“O mundo no arame”, de Rainer Werner Fassbinder

Depois da II Guerra Mundial, da ameaça nuclear e dos grandes avanços tecnológicos, o cinema, se já pensara a ideia de homem-máquina nos seus alvores (de Georges Méliès a Fritz Lang, que o fizera de forma sublime em “Metropolis”), após essa experiência limite do terror, volta a interrogar-se sobre as fronteiras do progresso e as suas implicações em filmes como “2001 – Odisseia no espaço” (Stanley Kubrick, 1968), “Laranja mecânica” (Stanley Kubrick, 1971), “Solaris” (Andrei Tarkovsky, 1972) ou “Blade runner” (Ridley Scott, 1982). É neste plano que parece, em grande medida, enquadrar-se também “O mundo no arame”, longa metragem de 1973 de um dos grandes realizadores alemães do pós-guerra, Rainer Werner Fassbinder, a partir de agora disponível em dvd, na espantosa edição restaurada que já tinha iluminado as salas de cinema portuguesas no final do ano passado. Baseado no romance “Simulacron 3”, de Daniel F. Galouye, este é um filme entre a ficção científica, o drama policial e a interrogação filosófico-ontológica.

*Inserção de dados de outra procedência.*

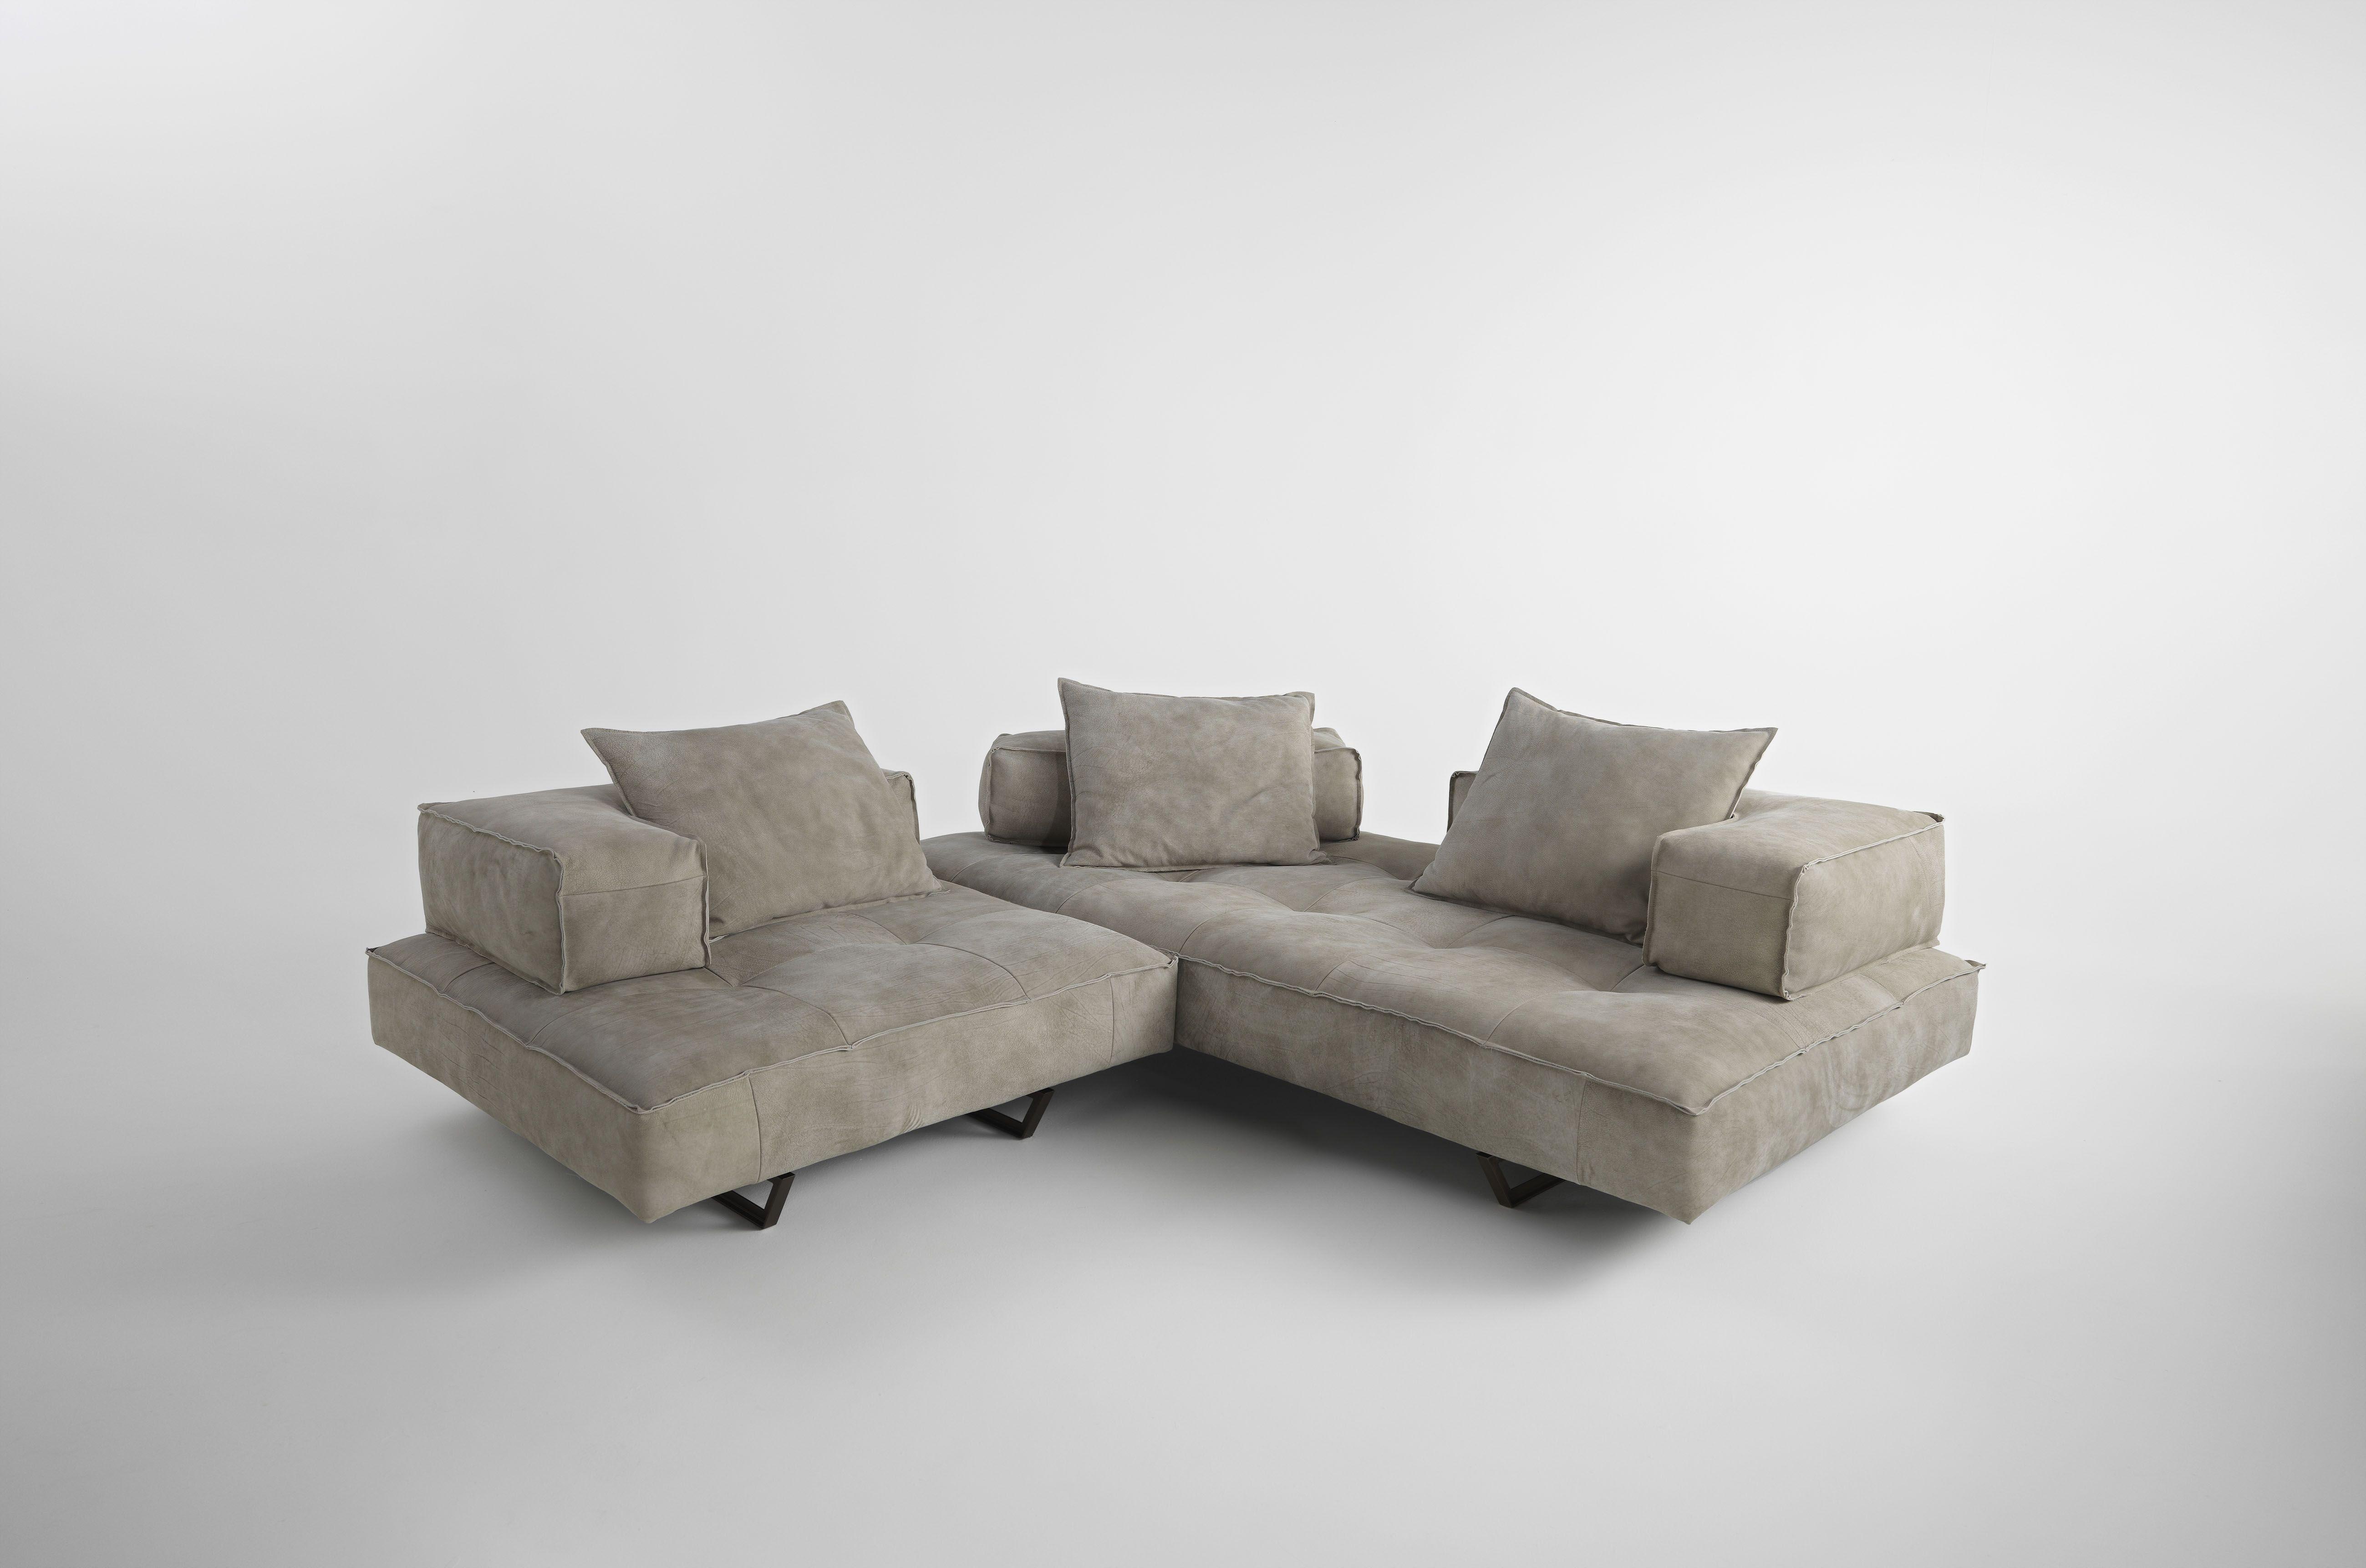 M1 Sofa Modular Sofa With Various Elements Matchable According To  # Muebles Sedutti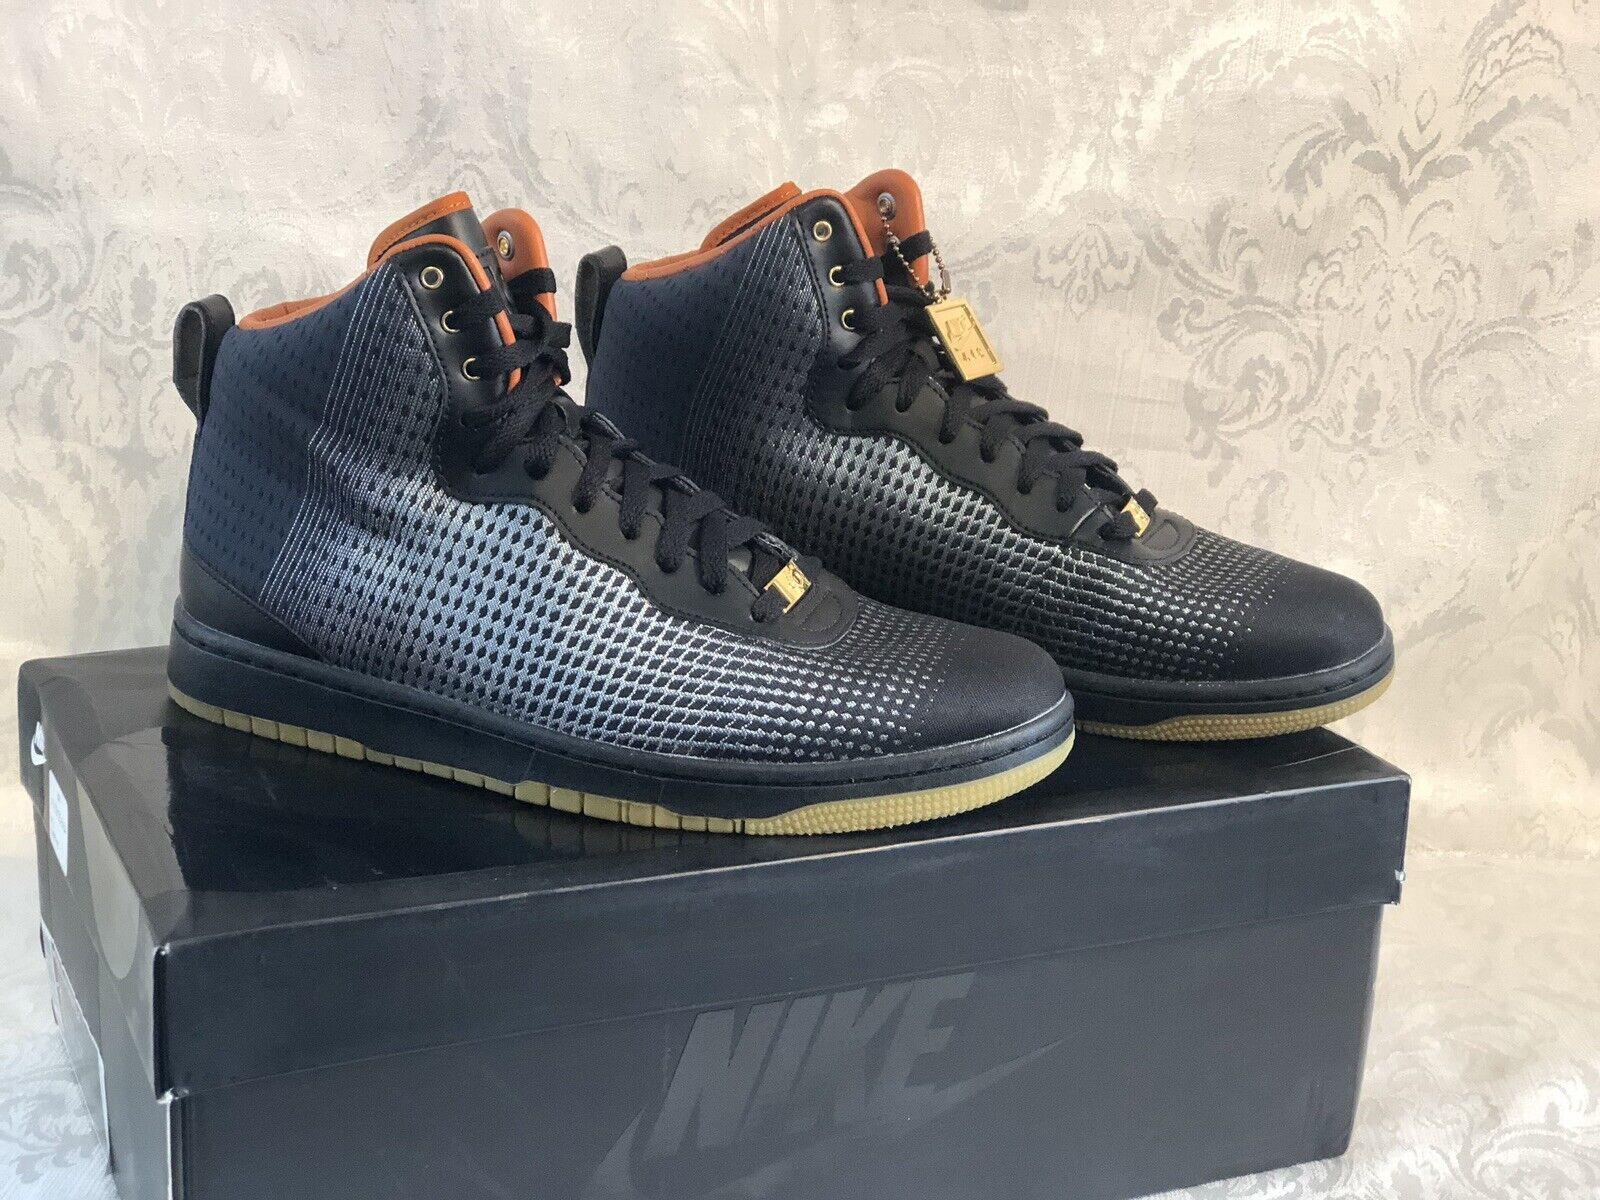 New Men's Sz 11 Nike KD VIII Kevin Durant 8 shoes NSW Lifestyle 749637-001 Black

Fred Stiller, o protagonista, é o responsável por um projeto de informática num grande instituto de cibernética que está a desenvolver uma réplica virtual do mundo, com simulacros de seres humanos. O seu antecessor morreu misteriosamente, deixando um segredo em suspenso, que Stiller progressivamente parece começar a desvendar. Esta descoberta, porém, apodera-se do cientista de uma forma terrível, para nunca mais o libertar: afinal, até que ponto sabemos que o mundo em que vivemos é o mundo real? Fassbinder explora até ao limite essa vida entre dois mundos, esse limbo entre o real e o virtual. Joga com a imagem infinita do espelho, com o espelho invertido, com o duplo e o seu reflexo, e faz dele sua bandeira social para denunciar que “somos um reflexo daquilo que os outros veem”. Desde Platão que associamos o mundo do simulacro ao falso e ao erro. Mas Fassbinder põe em causa todas as noções de verdade. Stiller é um homem atormentado pela culpa de ter criado um mundo de simulacros virtuais, passíveis de serem manipulados, mas, fundamentalmente, é um homem assoberbado pela paranoia, que vive nesse fio (ou nesse arame…) entre a consciência e a loucura. “O mundo no arame” é um acontecimento maior na história recente da distribuição cinematográfica em Portugal.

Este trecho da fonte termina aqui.